**Data for this exercise:**
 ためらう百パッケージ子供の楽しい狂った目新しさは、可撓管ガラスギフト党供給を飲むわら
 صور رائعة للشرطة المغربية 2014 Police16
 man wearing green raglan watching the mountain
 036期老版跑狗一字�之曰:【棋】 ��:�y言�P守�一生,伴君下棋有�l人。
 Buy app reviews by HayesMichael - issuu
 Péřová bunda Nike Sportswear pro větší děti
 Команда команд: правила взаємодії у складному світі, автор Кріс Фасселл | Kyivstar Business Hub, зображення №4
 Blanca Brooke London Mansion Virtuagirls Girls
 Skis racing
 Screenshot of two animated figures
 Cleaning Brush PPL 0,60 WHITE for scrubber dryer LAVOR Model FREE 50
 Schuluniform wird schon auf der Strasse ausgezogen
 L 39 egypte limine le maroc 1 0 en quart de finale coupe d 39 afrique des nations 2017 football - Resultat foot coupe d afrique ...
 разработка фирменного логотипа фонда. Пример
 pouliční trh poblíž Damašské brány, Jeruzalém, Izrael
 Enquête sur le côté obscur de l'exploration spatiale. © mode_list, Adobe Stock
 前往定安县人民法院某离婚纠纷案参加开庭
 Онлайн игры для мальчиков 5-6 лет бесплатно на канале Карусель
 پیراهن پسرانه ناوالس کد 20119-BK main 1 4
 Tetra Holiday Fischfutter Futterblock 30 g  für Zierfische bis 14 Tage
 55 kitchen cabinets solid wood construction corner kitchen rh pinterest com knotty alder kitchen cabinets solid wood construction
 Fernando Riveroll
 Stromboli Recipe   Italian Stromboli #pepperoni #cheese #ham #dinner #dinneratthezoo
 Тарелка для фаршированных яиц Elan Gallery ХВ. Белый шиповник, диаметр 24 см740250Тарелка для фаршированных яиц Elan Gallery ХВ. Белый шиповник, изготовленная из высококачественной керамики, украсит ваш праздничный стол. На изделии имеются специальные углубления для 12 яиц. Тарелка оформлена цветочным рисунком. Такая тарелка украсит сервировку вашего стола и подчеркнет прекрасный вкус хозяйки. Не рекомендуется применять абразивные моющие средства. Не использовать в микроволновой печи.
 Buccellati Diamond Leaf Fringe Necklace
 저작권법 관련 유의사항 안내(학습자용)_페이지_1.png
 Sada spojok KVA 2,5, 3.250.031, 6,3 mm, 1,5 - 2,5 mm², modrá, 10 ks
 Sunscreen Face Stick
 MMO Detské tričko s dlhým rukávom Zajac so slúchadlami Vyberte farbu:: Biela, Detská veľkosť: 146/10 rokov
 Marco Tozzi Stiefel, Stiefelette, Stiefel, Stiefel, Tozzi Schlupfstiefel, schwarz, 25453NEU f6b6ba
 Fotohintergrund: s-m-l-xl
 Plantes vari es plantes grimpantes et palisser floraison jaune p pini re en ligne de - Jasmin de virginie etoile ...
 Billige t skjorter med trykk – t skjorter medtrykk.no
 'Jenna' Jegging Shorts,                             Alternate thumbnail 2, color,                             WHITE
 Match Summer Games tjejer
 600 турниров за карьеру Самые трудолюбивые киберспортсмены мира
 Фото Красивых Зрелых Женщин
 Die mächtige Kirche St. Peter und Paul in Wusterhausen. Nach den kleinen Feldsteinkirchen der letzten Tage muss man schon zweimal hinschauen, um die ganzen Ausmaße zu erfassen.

**What to do:**
Please return only the lines above, starting at the line that has "Blanca Brooke London" and ending at the line that has "Schuluniform wird schon", keeping both and leaving each one unchanged.

**Response:**
 Blanca Brooke London Mansion Virtuagirls Girls
 Skis racing
 Screenshot of two animated figures
 Cleaning Brush PPL 0,60 WHITE for scrubber dryer LAVOR Model FREE 50
 Schuluniform wird schon auf der Strasse ausgezogen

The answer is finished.